Identify at least one backup hand.
Know when and how to switch from one hand to another.
WHY is a backup plan essential? If you've read my tournament summaries, you know I keep statistics about what I am dealt (how many jokers, how many Flowers), and what hand I think I am playing at the end of the Charleston. Then, when each game ends, I write down what I actually ended up playing; how many jokers and Flowers I have at the end of the game; what the winning hand was; and how many jokers were in it. I have consistently found that my hand CHANGED 50 percent of the time, from the Charleston to the end of the game--and the wins occurred more often in games where I switched my hand!
Using backup hands brings your game to another level. You'll WIN more, and even when you don't win, you won't be stuck on the sidelines when your original plan falls through.
Is Bubbe going to give you the backup plan for every hand on the card? No. I'm going to give you some essential thinking points and some examples, but my whole point in everything I do is for you to become your own Bubbe!!
I will start, today, with choosing backup hands, including WHERE they might be found.
Once again, you must KNOW THE CARD, every hand, every section. I didn't say memorize. I said "know": recognize, consider, understand. We all have our own learning styles. That's why I come up with all those goofy mnemonics and pattern nicknames, to think about the hands creatively. You might learn better forming hands in front of you on your rack, or playing against the bots for hours on end so that you see every kind of hand being played.

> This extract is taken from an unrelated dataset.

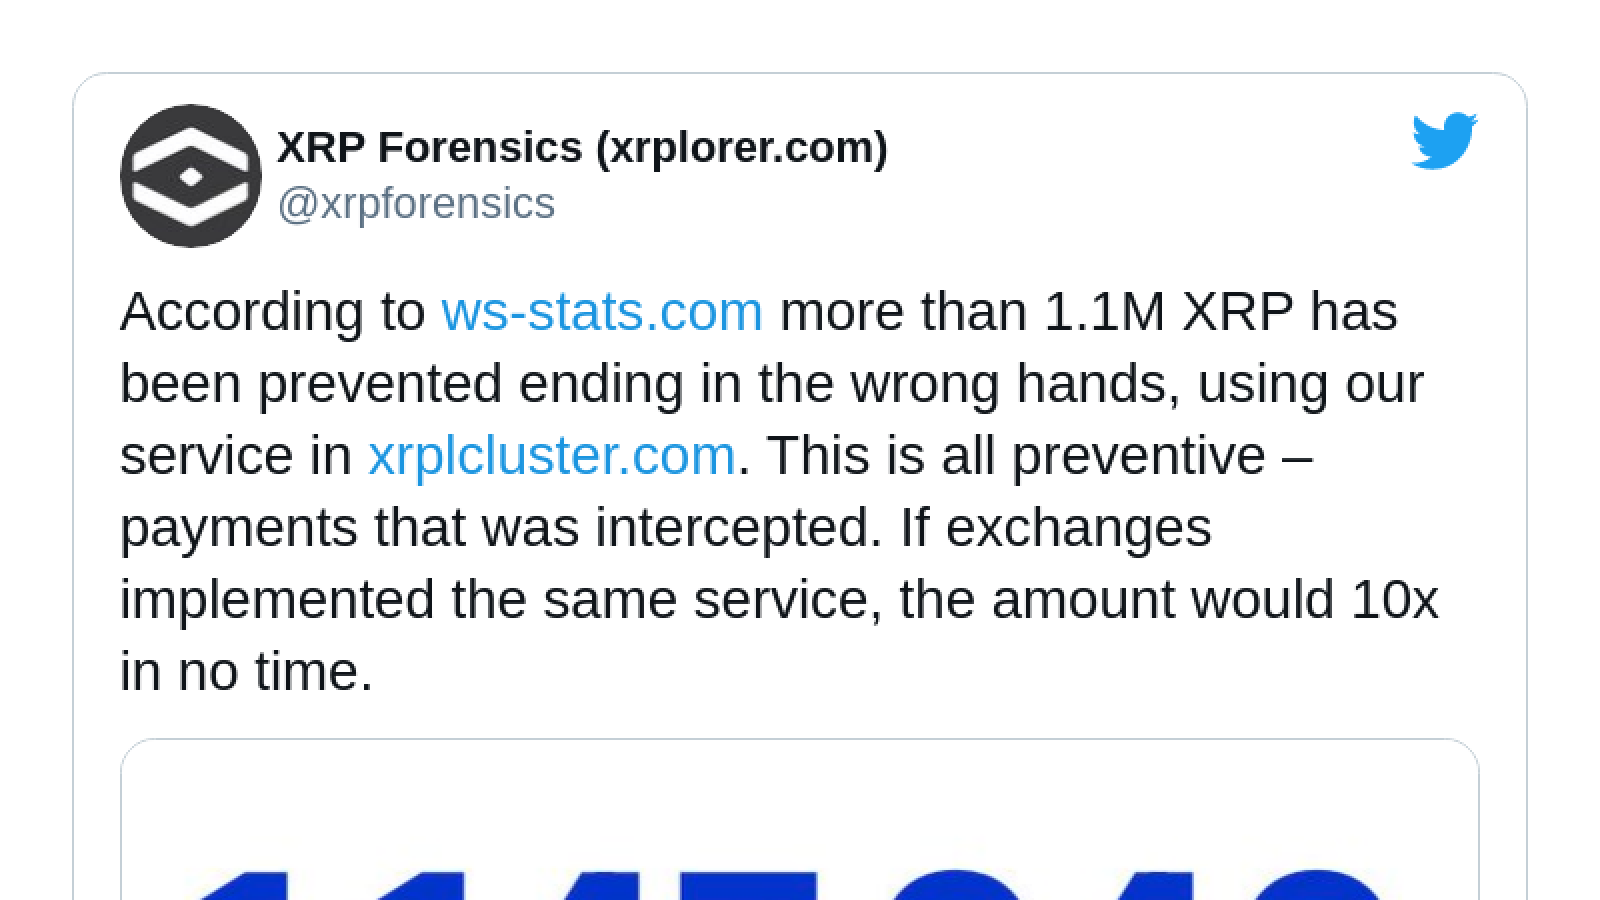 XRP Forensics team shared statistics on scams

Why the whole card? Because sometimes you will switch within the same section, but often you may actually switch to a hand in a totally different section.

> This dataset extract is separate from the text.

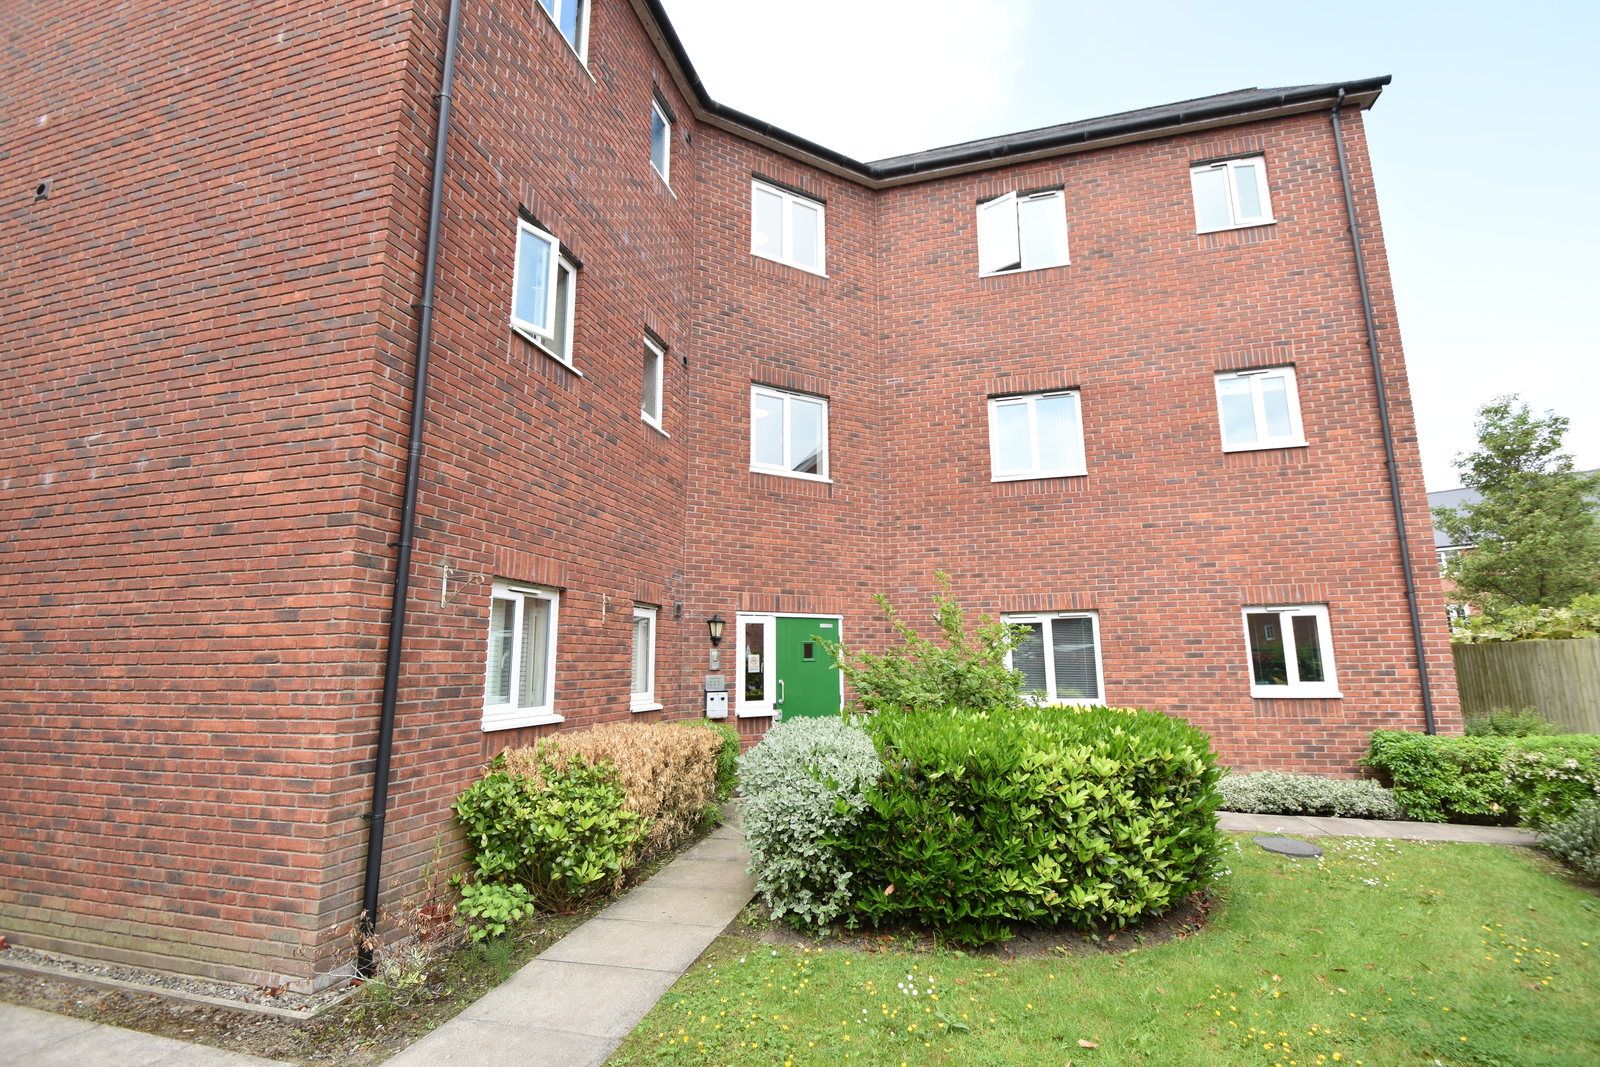 Irwell Place, Radcliffe, Manchester, Manchester, M26 1PW

I've already written about how to switch from Y1 to W2. [Reminder: this is what my abbreviations mean] This illustrates an important lesson about the "WHERE" of backup hands: those two are far apart on the card, but that doesn't matter! Don't fixate on their "sections" so much as their components: in this famous example, both required Flowers and multiple kongs of dragons.

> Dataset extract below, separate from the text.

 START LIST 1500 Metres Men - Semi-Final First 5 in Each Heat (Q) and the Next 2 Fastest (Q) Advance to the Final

In identifying backup hands, you need to think outside the box, or rather, outside the immediate sections of the card. SP hands are really stripped down versions of other sections: this year's SP1 is very literally a Winds and Dragons hand, and SP6 is a 369 hand. SP2 is an Odd hand, SP5 is an Even hand. SP3 and SP4 are CR hands. Quints are (sometimes) "supersize" versions of other hands; Q2 is the most obvious example, but there are others.
I also want you to remember that even though they have their own section, Like Numbers are all over the place on the card. We see them in Y2 and Y3, E2, Q3, W4, and 3 #5. You could even say that hands like E4, CR6 and SP2 draw on Like Numbers, because of how they use pairs.
Consecutive numbers are also useful in developing backup hands. This ties into what I have said, in previous year summaries, about ambiguous exposures. On the 2022 card, an ambiguous exposure of 333 5555 could be part of CR5.2--but it might be O3a or O6a. Since two of those three are "pung, kong" hands, no one would be able to call your hand dead!
I will not provide you with a Rosetta Stone for deciphering every single option/combination of backup hand. I want to encourage you to find your own similarities among hands!